C’è chi lo accusa di essere troppo televisivo, di avere reso scarna la densità narrativa costruita da Helen Fielding, affiancata da Dan Mazer e Abi Morgan.
“Bridget Jones sin dal primo film è stata al centro di un certo tipo di cultura britannica, quell’approccio alla vita che include sorridere di te stesso e le donne si sono identificate con lei a qualsiasi latitudine. In ogni caso aver diretto il film è un sogno avveratosi: avevo già in mente di raccontare una storia simile, quella di una donna che ha avuto un grande amore e lo ha perso. Deve capire come andare avanti, crescere dei figli. Il fatto che ci fosse Renée lo ha reso ancora più speciale”.
Oltre le smorfie c’è di più?
La critica non è tenera con il film, definendo la Zellweger un condensato di smorfie che non mostra nemmeno il ricordo della Bridget configurata nel film d’esordio, con dosi bilanciate di ironia e realismo, una comicità sottopelle e l’incipit di una sceneggiatura che pare leggera ma non lascia nulla all’improvvisazione. In realtà, come dice la stessa Zellweger in un’intervista rilasciata a Universal, “non arrivi alla mia età senza aver pensato a tutte le cose che cita il film (maternità, morte ecc. ecc.)” perciò è ovvio che l’interpretazione cambi rispetto ai tempi in cui doveva accalappiare un potenziale fidanzato con mutandoni di lana.
Di uguale troviamo il pigiama rosso, la locuzione “devi fare sesso” e la faccia di Hugh Grant, ingrigito ma pervicacemente equivoco, forse l’unica cosa stantia del film.

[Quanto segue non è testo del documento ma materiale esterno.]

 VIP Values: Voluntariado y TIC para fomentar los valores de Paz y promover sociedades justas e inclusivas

A dire il vero si ritrovano anche le terga di Jones ad altezza naso, stavolta non in tv ma sulla faccia aitante e inconsapevole dell’”amore di ragazzo”, ergo Leo Woodall. Il 28enne guardaparco Roxster, oggetto del desiderio che la ripesca su Tinder e la riporta al senso biblico della vita fra gite scolastiche e amiche cougar.
28-51, un ambo da giocare
L’achetipo è duro a morire, sullo schermo e nella vita. Lo gioca Nicole Kidman in Babygirl, lo vive materialmente Dalila di Lazzaro nella sua relazione amorosa decennale con il chitarrista Manuel Pia (qui la differenza d’età è ancora maggiore). E in effetti, l’attenzione non cade sull’età ma sugli scivoloni fisici e verbali di Bridget. E cade, parecchio, su Leo Woodall, con la sua innocenza infantile e una fisicità allenata a suon di tabelle di marcia. “Tutti sapevano che mi allenavo, era scritto sul piano riprese ‘addominali’ – ride lui in intervista.

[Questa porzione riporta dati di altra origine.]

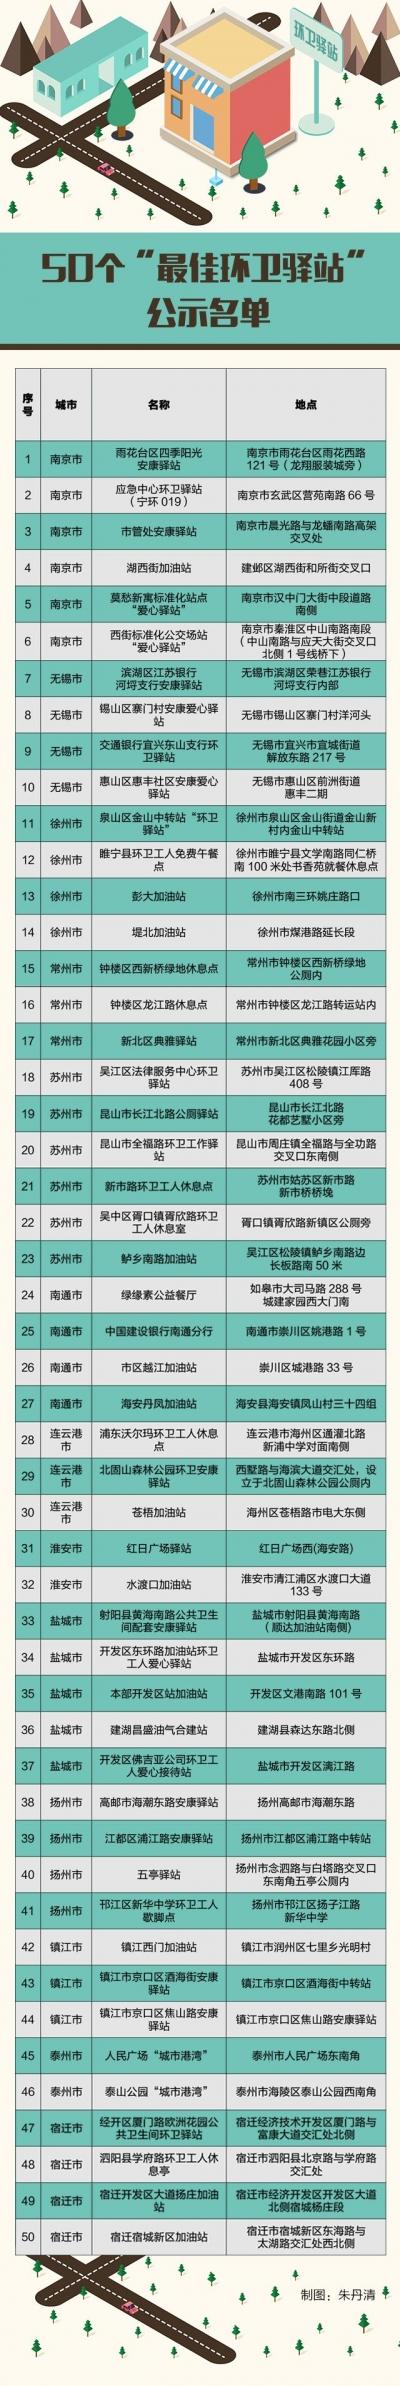 江苏最佳环卫驿站、最美环卫工人拟定名单公示啦!有你认识的吗?

Il regista racconta i casting a Rolling Stone, dicendo che Woodall era nella sua rosa di candidati per il ruolo. Per testare il suo imprinting naif pare che i casting director gli abbiano rifilato in mano un copione che trattava di spazzatura e plastica riciclabile. “L’abbiamo reso un vero scienziato, ma doveva mantenere quell’aspetto civettuolo”, dice Morris. “La scena finiva con lui che dice a Bridget ‘mi piaci’ e Leo ha fatto centro”.

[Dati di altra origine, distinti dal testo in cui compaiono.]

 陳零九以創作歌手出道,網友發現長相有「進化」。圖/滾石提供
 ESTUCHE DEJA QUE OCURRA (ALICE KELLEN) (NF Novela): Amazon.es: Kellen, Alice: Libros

Woodall è lanciatissimo: nato a Shepherd’s Bush, Londra, con tre fratelli maggiori, è cresciuto in una famiglia di attori e sarebbe voluto diventare insegnante di educazione fisica. Ma alla fine ha vinto la Arts Education School ed è arrivato il primo ruolo nel dramma medico Holby City e nel poliziesco Cherry, poi in White Lotus. Tutto lo conduceva al famoso albero sotto cui, come dice Bridget, “crescono uomini”. Il resto è storia.